What! You must be jok…
Gud Affernoooon. My name is Xmahthajhj; could I ask after yore nomniture?
Huh? My name? It’s Michael.
Gleetings Ishmael. Can I call yous Ishmael?
My name is Michael.
No, M – I – C- oh, don’t worry. Let’s just get on with it.
Thank yous, Mr Schael. Are yous having a lovaly day? Mr Schael.
Frankly, I’m not. I’ve already spent 10 minutes on this call and got nowhere, at god knows what cost to me. Can you please just get on with it?
On behalves of 0-Da-Fone – part of the O-Da-Fone Groupee: kelping your eyes and arse in touche, I sincinkly, hubbly apolomise, Mr Schael, for delying yous. How is the weather being where yous is?
None of your business!
Oh Mr Schael. I apolomise for my impertinancing. How can I be assisting?
It’s my mobile.
Ah, Mr Schael. Your mobile.
Yes. Whenever I…
What is ‘mobile’, Mr Schael?
Mobile! You know… Handset?
Ah, Mr Schael. Cell fone,
Yes, OK, cell phone.
Mr Schael – you need cell fone deportment.

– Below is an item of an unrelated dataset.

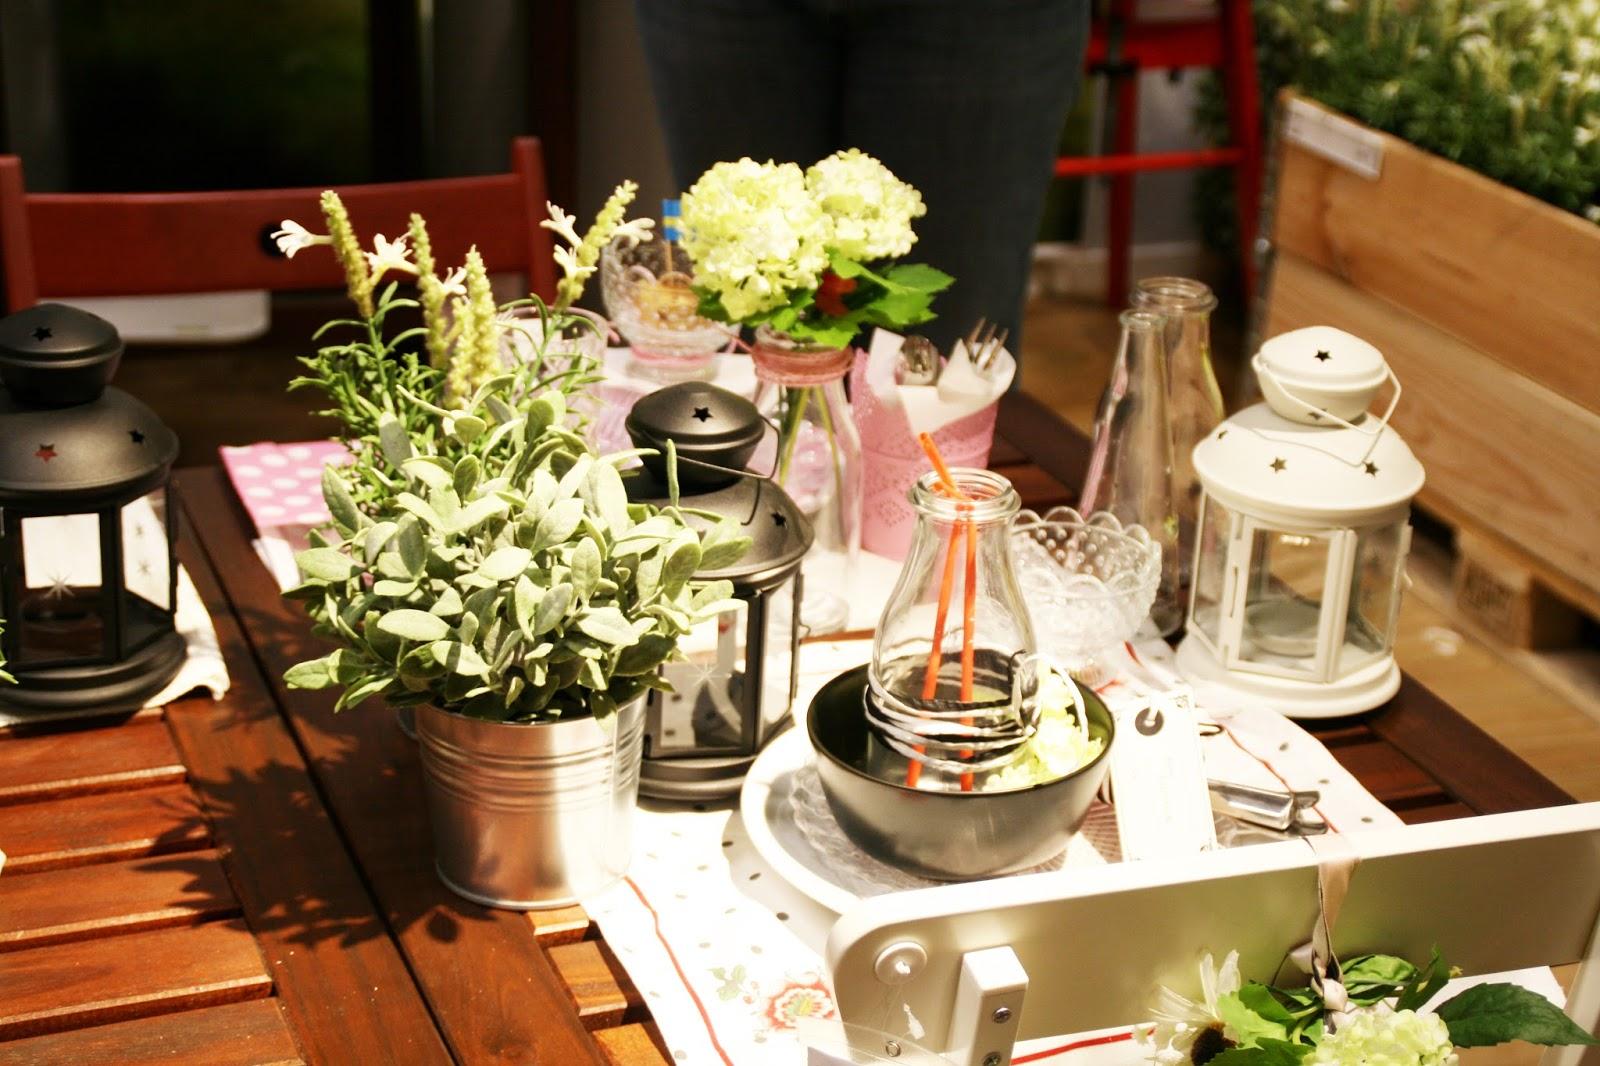 Sehnsuchtssachen Machmidsommar Bei Ikea Tischdeko

Yes, I know I do. That’s you.
Naw, naw. Many blessings to you, Mr Schael, but we’s not cell fones, we’s broadleband.
What? But Sandra put me though to mobiles?
Mobiles, Mr Schael?
MOBILES! BLOODY MOBILES! LET ME SPEAK TO SOMEONE ABOUT MOBILES. M..O..B..I..L..E..S! AND WHILST I’M AT IT, MY NAME IS NOT MR SCHAEL.
Oh, I am deepeningly apolomising for my misundertooding, Not Mr Schael.
Look. That’s very nice, but please – just let me talk to someone in charge. NOW!
Yes, Not Mr Schael. I putting you to my boss, very nice man, you like– very nice man.
At last. Thank you.
You have selected ‘Passengers’ by Elton John. This is provided to you by 0-Tunes – part of the O-Deux-Fone Group UK: keeping your eyes and ears in touch, and will show as a 50p fee on your next bill.
Hello? Are you alright?
I’m better now that rubbish song’s stopped.
Oh, it was Elton was it, sir? Enough said. My name is Charles, manager of the call centre of O-Deux-Fone, which, and I’m sorry about this, I’m duty-bound to tell you, is part of the O-Deux-Fone Group UK.
I know – ‘keeping my eyes and ears in touch!’
Rubbish isn’t it. Sounds more like a recipe for conjunctivitis than a strap line.
True! I’m glad I’m talking to a manager; I have a simple query and now a list of complaints!
I’m afraid I’ll have to terminate this conversation now, Sir. Our customer service charter allows for a maximum of 1,700 words per call, and you have reached your limit – apart from one word….precisely….now.